Azure-Samples / azure-search-openai-demo

A sample app for the Retrieval-Augmented Generation pattern running in Azure, using Azure AI Search for retrieval and Azure OpenAI large language models to power ChatGPT-style and Q&A experiences.
https://azure.microsoft.com/products/search
MIT License
6.15k stars 4.18k forks source link

Wrong Citation #159

Open realdevmann opened 1 year ago

realdevmann commented 1 year ago

Please provide us with the following information:

This issue is for a: (mark with an x)

- [ ] bug report -> please search issues before submitting
- [o ] feature request
- [ ] documentation issue or request
- [ ] regression (a behavior that used to work and stopped in a new release)

Minimal steps to reproduce

Any log messages given by the failure

Expected/desired behavior

Answer in according to uploaded files

OS and Version?

Windows 7, 8 or 10. Linux (which distribution). macOS (Yosemite? El Capitan? Sierra?) Window11

Versions

Mention any other details that might be useful

I upload my data to Azure Storage. I can run Azure Chat App correctly. But, I am disappointed with wrong answer of chatbot. My data file is written by Korean and English. My chatbot's answer is not consistent whenever I ask. Sometimes chatbot answer correctly, sometimes not.

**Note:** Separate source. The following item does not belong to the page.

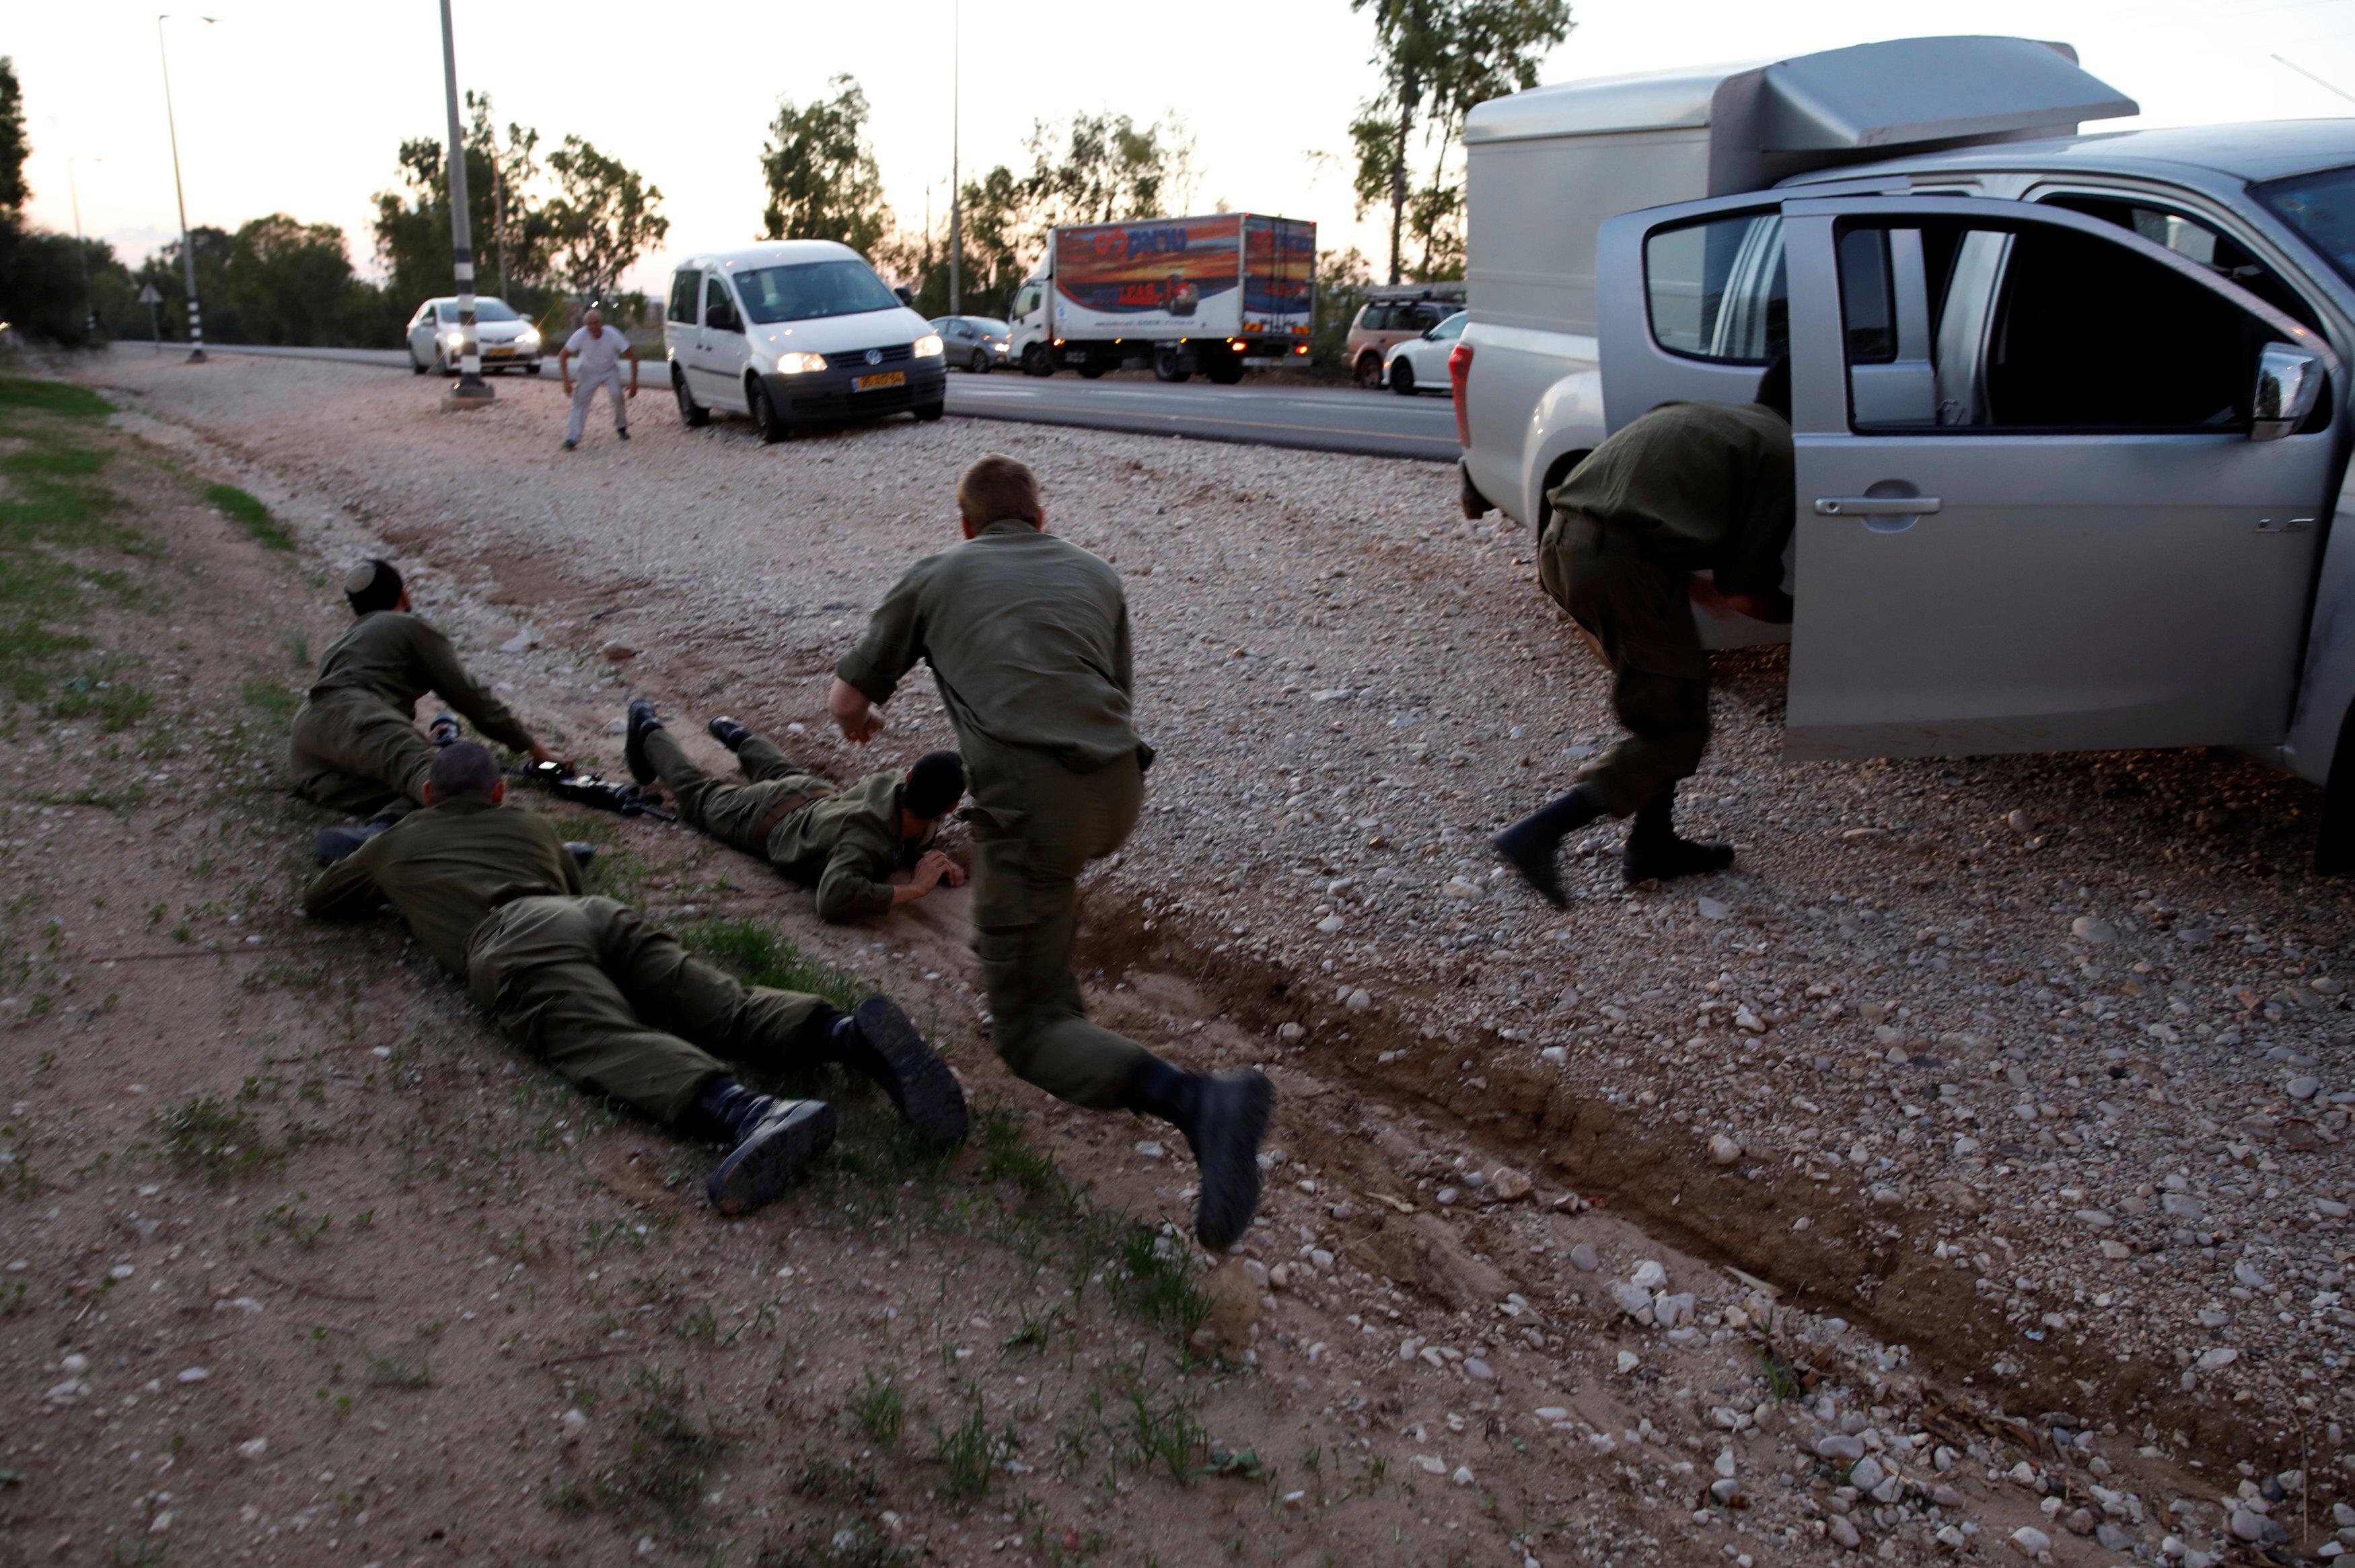 İsrail'in Gazze sınırına yakın bölgelerinde siren sesleri çaldı. Korku içinde yere yattılar.

[ Open Source Modification ]

  1. create_search_index() in predocs.py
    • before : SearchableField(name="content", type="Edm.String", analyzer_name="en_microsoft"),
  1. query_prompt_template in chatretrieveread.py
    • before : If the question is not in English, translate the question to English before generating the search query.
    • After : Please search in the language of the original input of the question, never try to translate it into English.

[ Chatbot provided wrong citation ]

image

[ Azure Storage Explorer ] SACC is defined in different file(*Lecture-7.pdf) image

How Can I improve Azure Search Service correctness?

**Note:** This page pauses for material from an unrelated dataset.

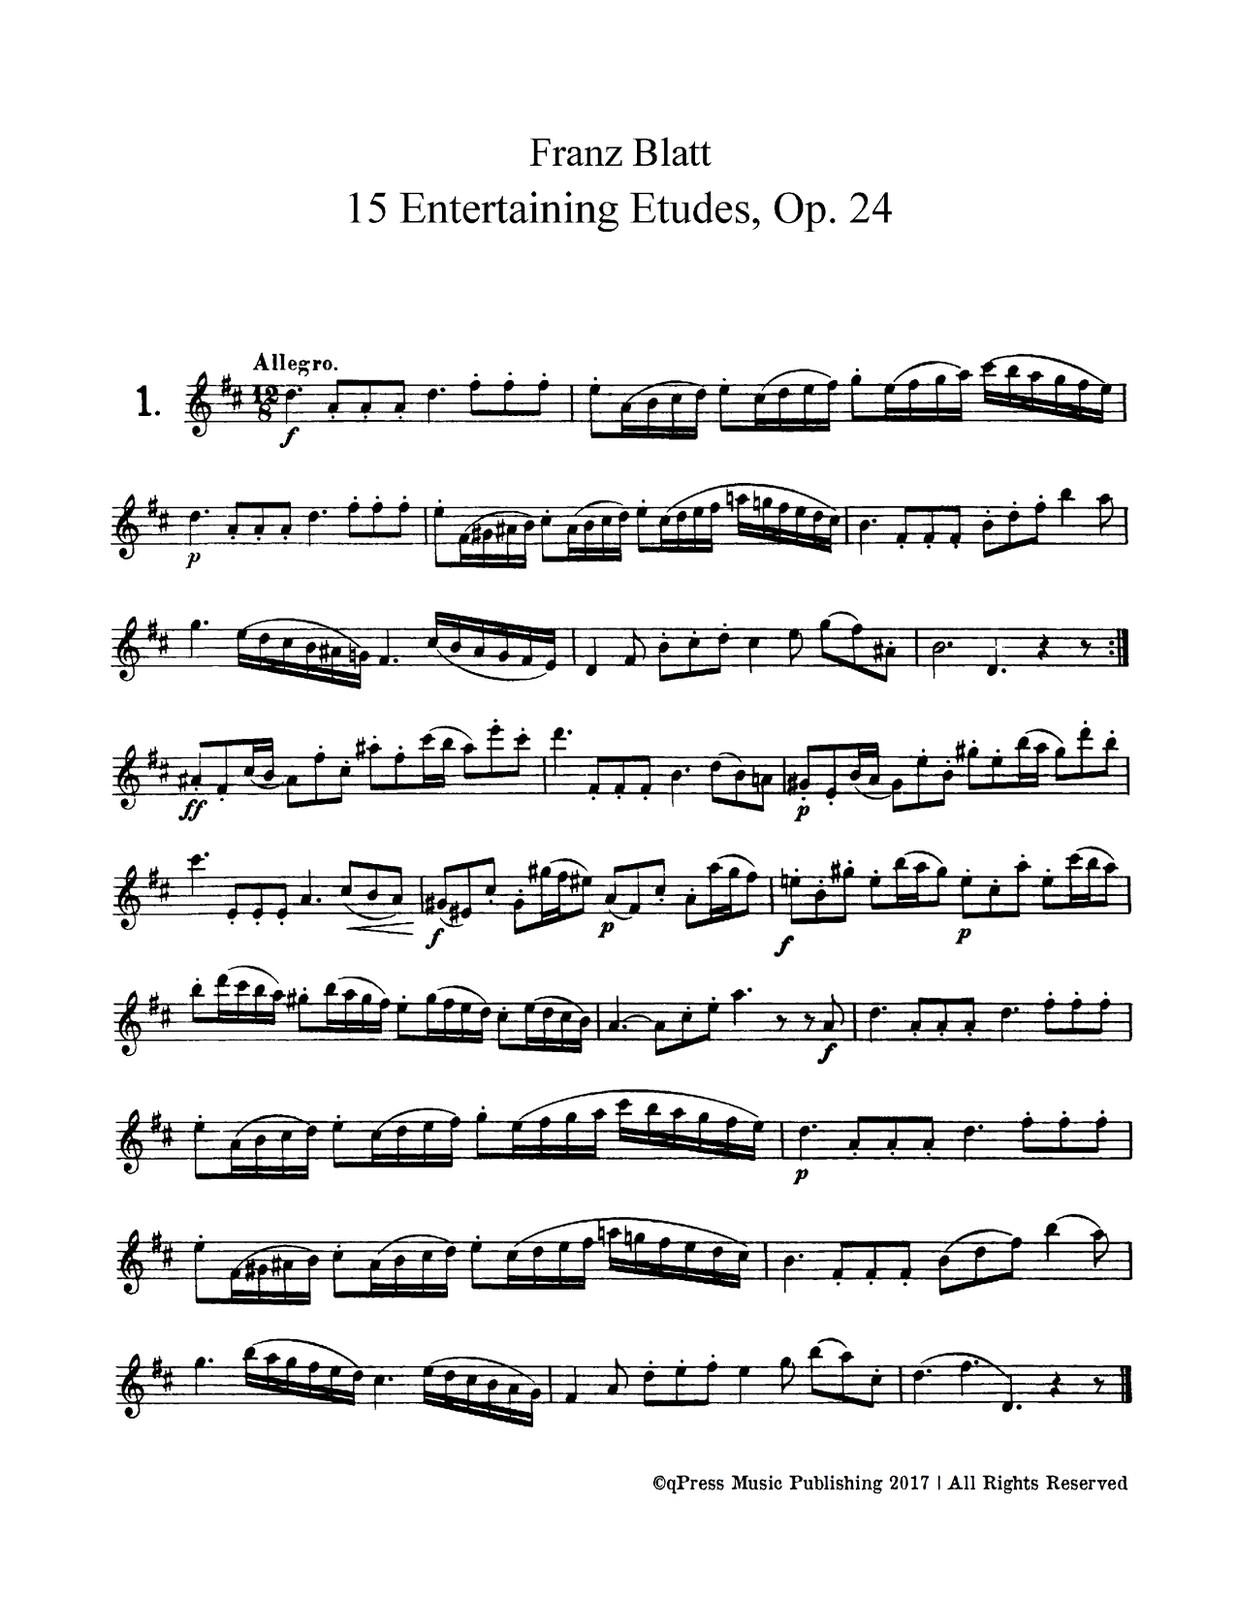 Blatt, 15 Entertaining Etudes-p03

Thanks! We'll be in touch soon.

ericthomas1 commented 1 year ago

I'm seeing the same issue using the sample data.

image

image

thiago-acn commented 1 year ago

I also have the same issue. Have anyone try to fix the problem?

ericthomas1 commented 1 year ago

I was unable to fix the issue. It used to work for me, in past deployments, but in the latest deployment, this issue popped up.

dbae1145 commented 1 year ago

@ericthomas1 which of the previous deployments?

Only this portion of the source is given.